**The task**
Please restate each line of the data that follows word for word, skipping any image.

**Supplied information**
○ ○ ○ ○

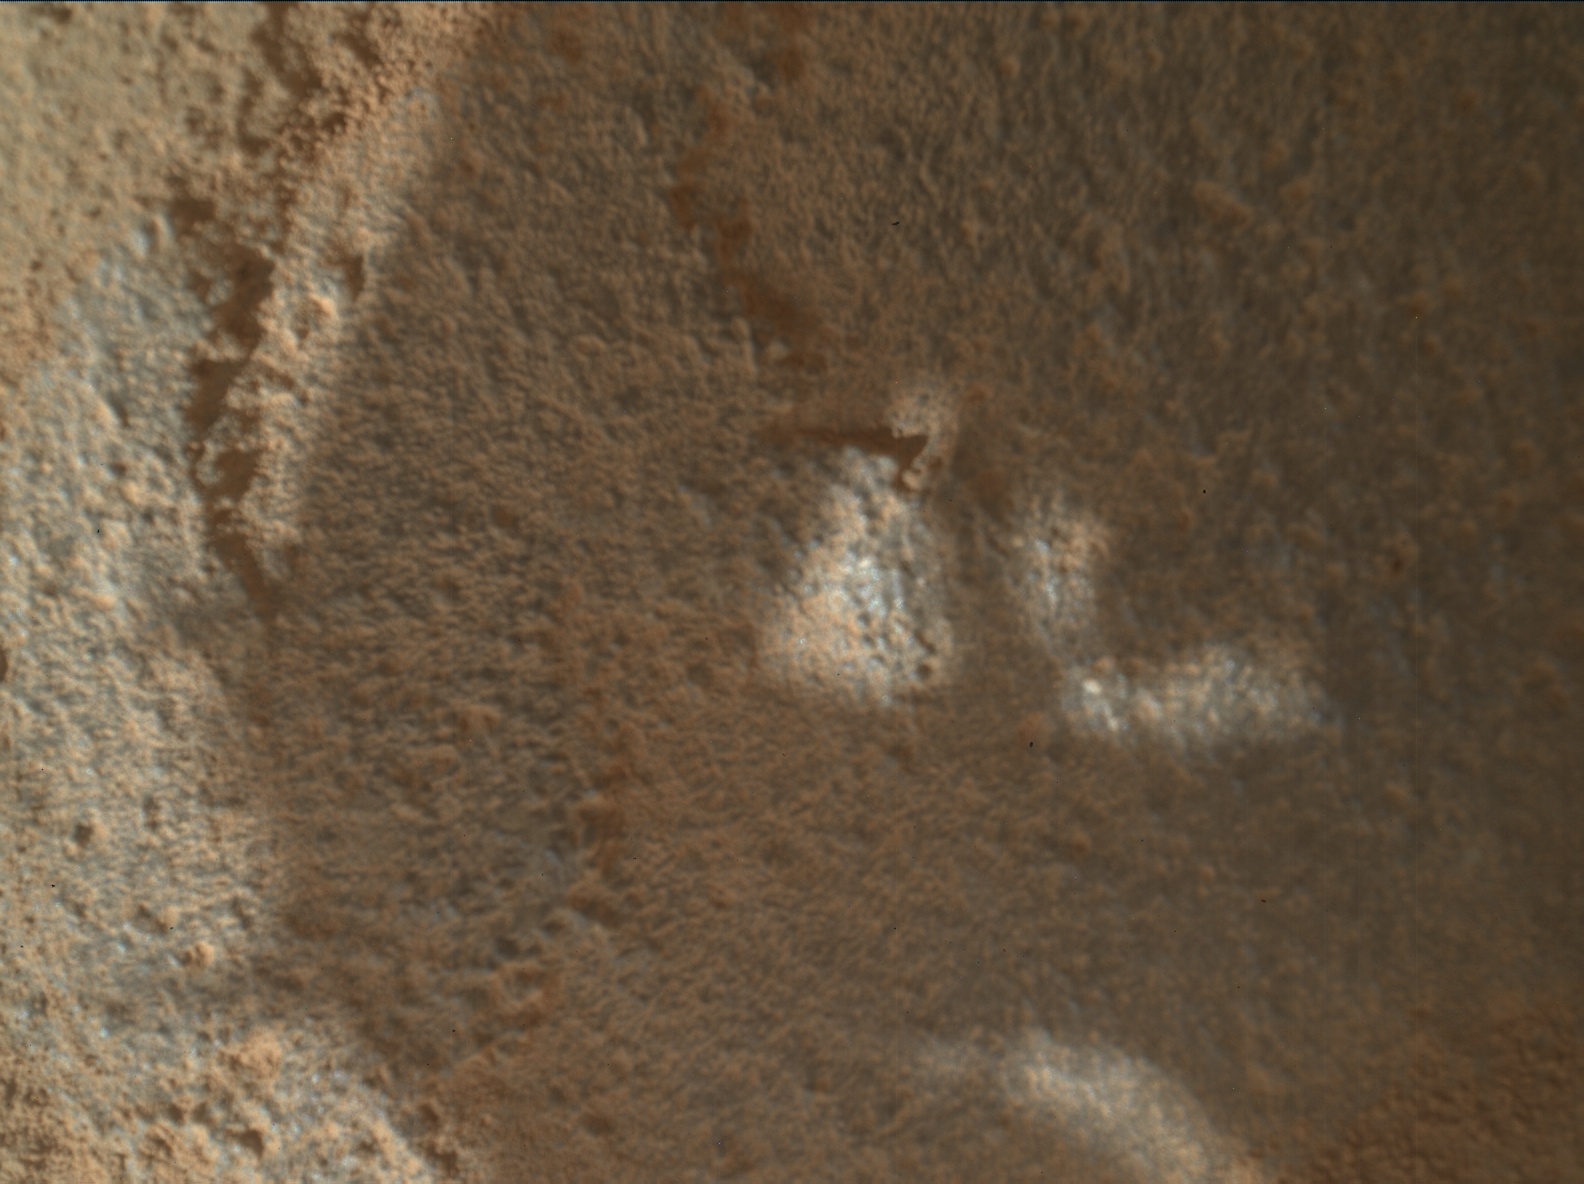 Nasa's Mars rover Curiosity acquired this image using its Mars Hand Lens Imager (MAHLI) on Sol 2706
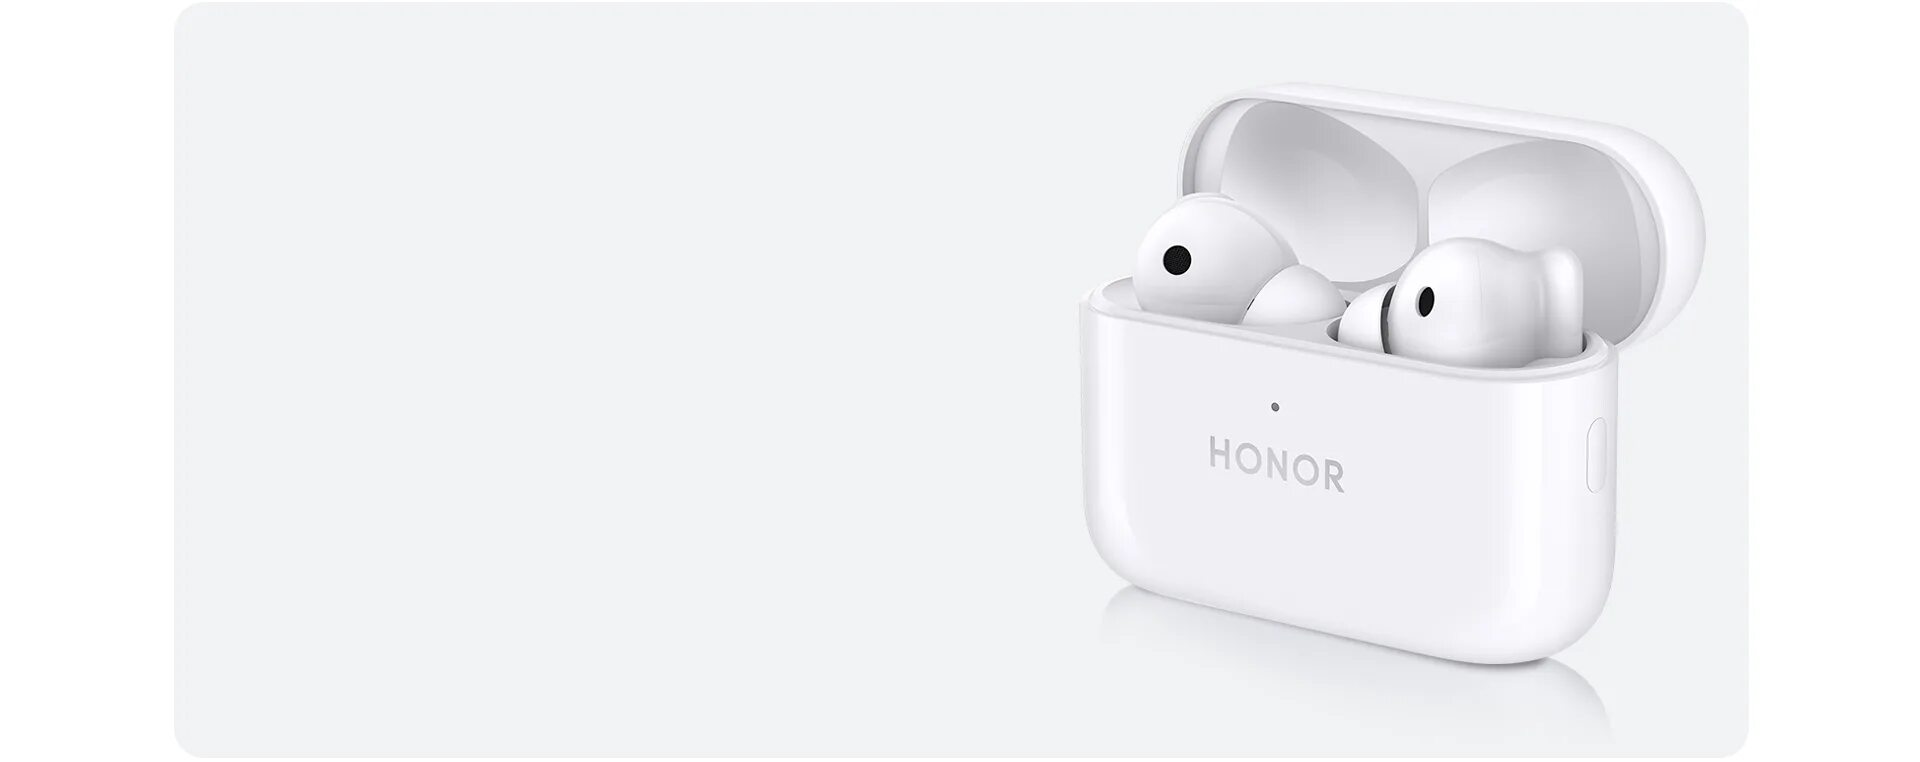 Honor earbuds сравнение. Honor Earbuds 2 Lite. Honor Magic Earbuds 2 Lite. Наушники Honor Earbuds 2 Lite. TWS Honor Earbuds 2 se белый.
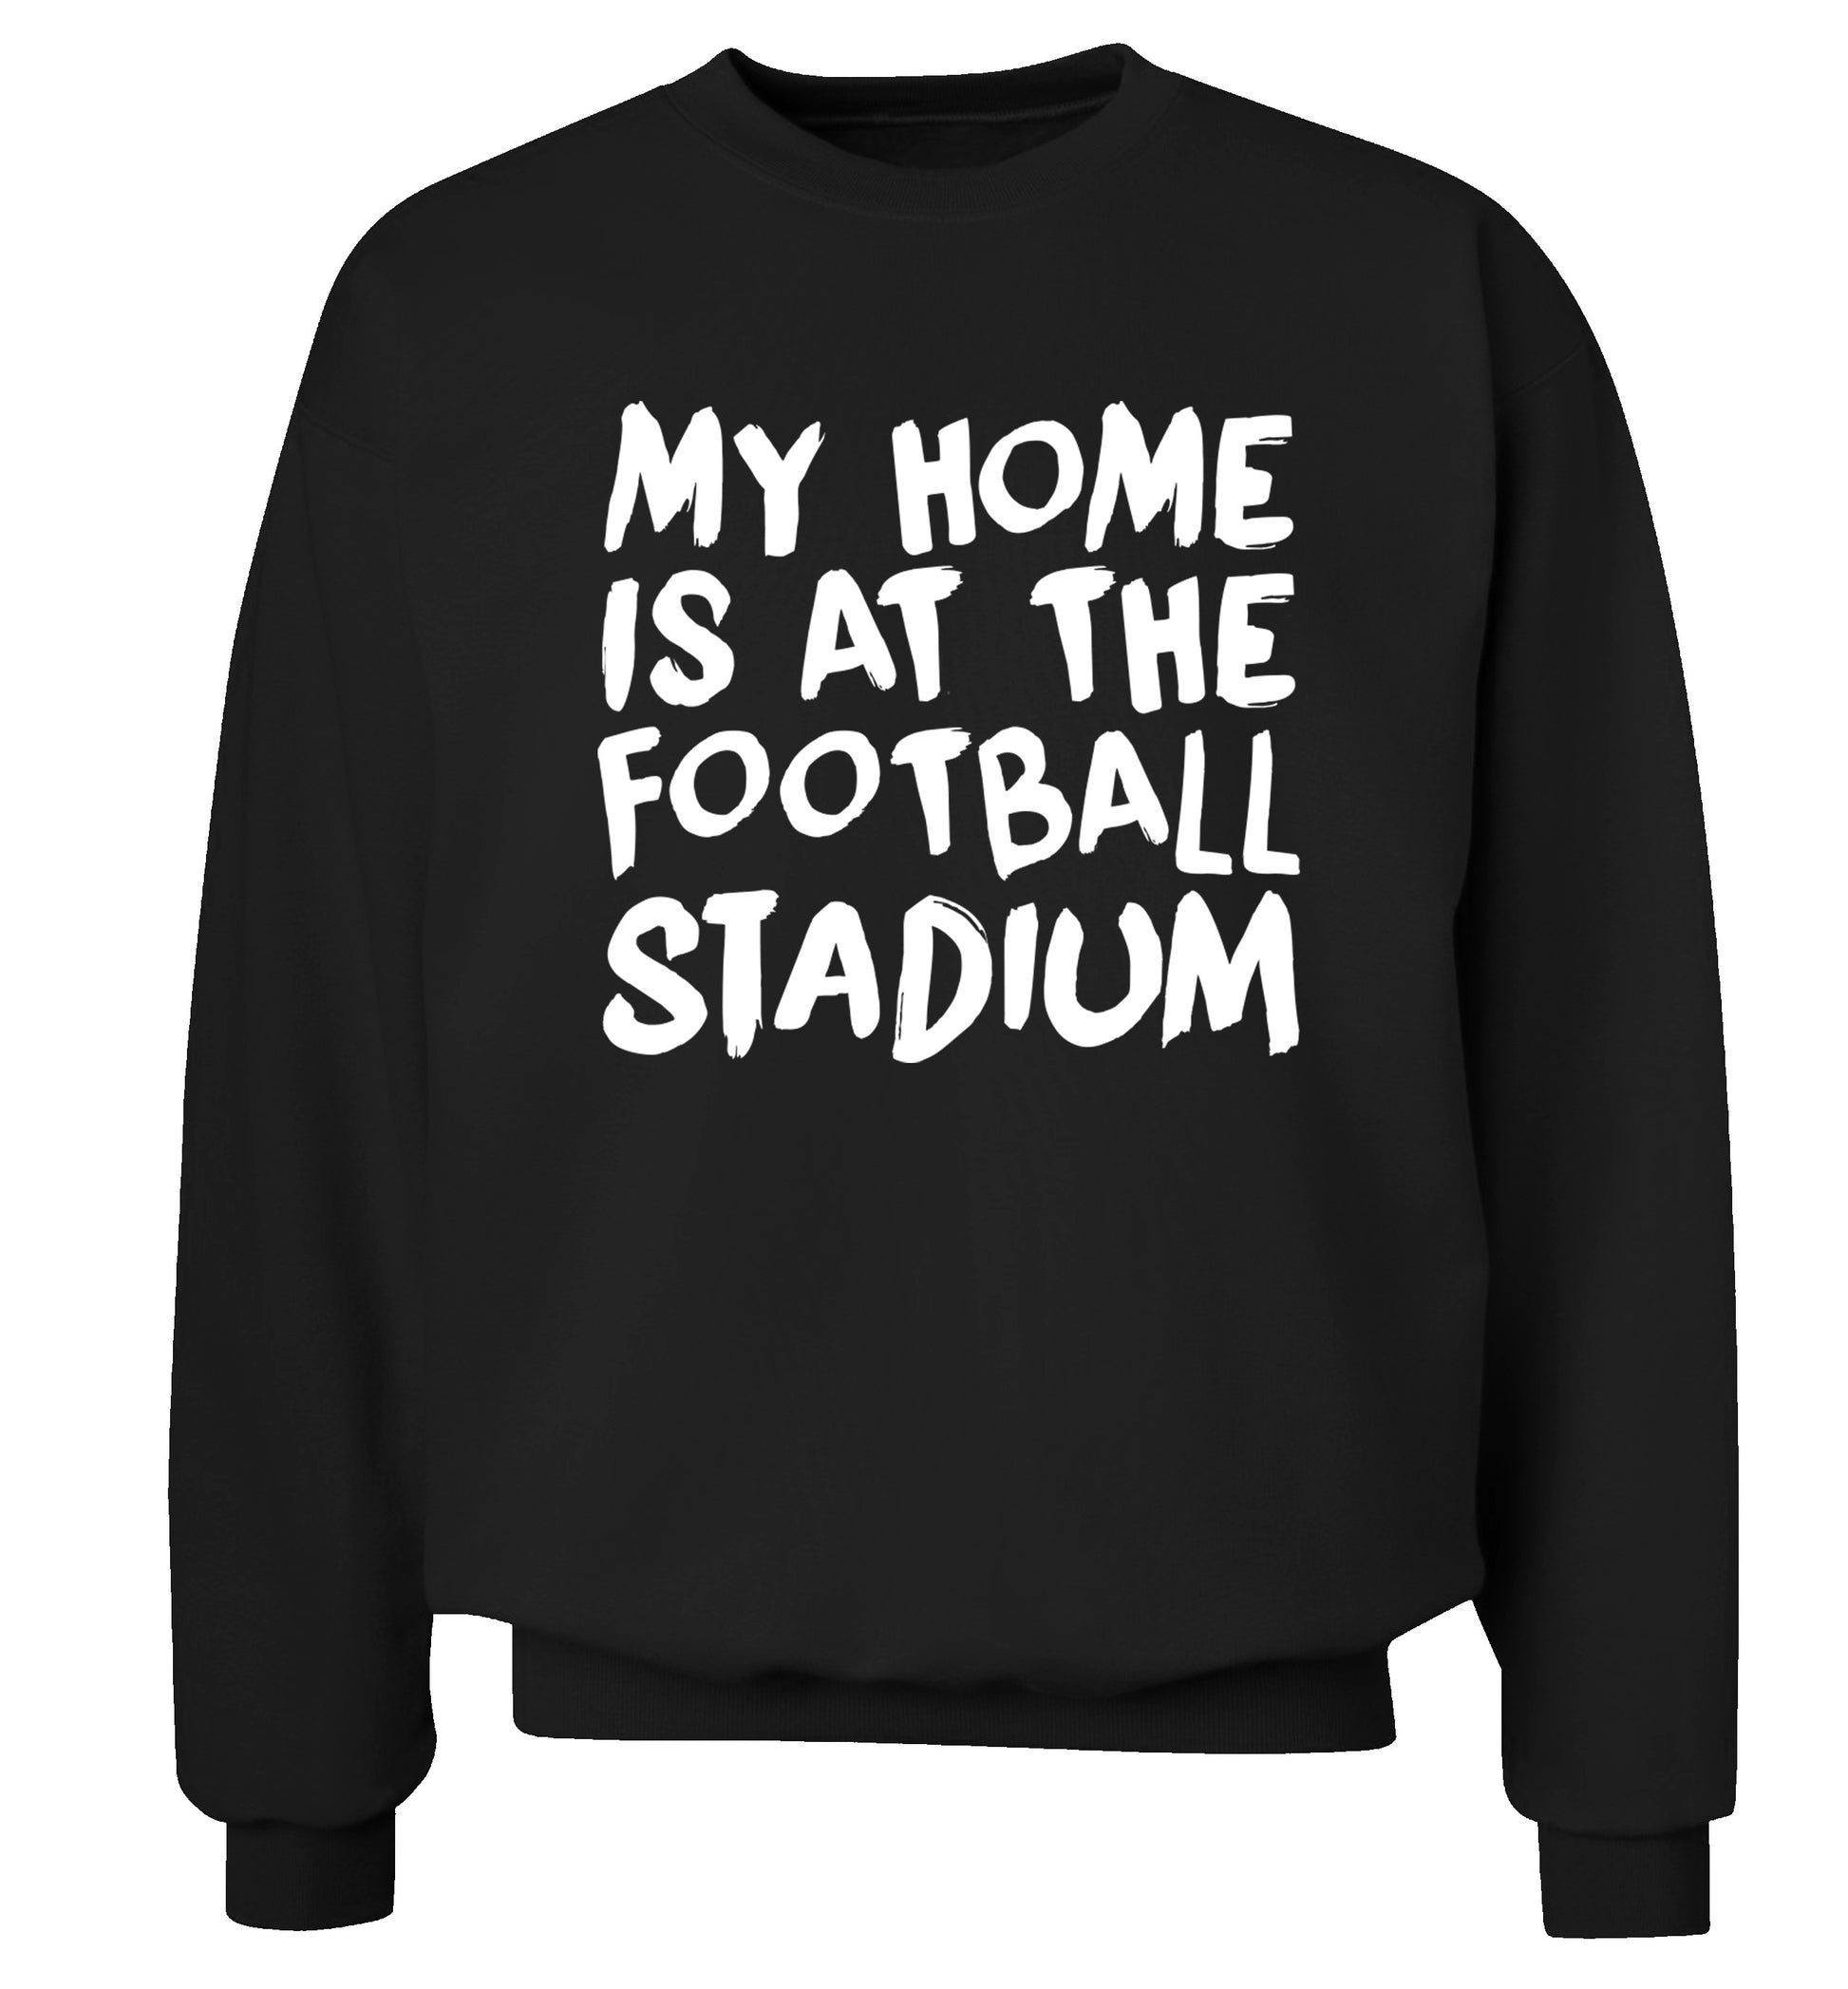 My home is at the football stadium Adult's unisex black Sweater 2XL

○ ○ ○ ○

**Task solution**
 Nasa's Mars rover Curiosity acquired this image using its Mars Hand Lens Imager (MAHLI) on Sol 2706
 Honor earbuds сравнение. Honor Earbuds 2 Lite. Honor Magic Earbuds 2 Lite. Наушники Honor Earbuds 2 Lite. TWS Honor Earbuds 2 se белый.
 My home is at the football stadium Adult's unisex black Sweater 2XL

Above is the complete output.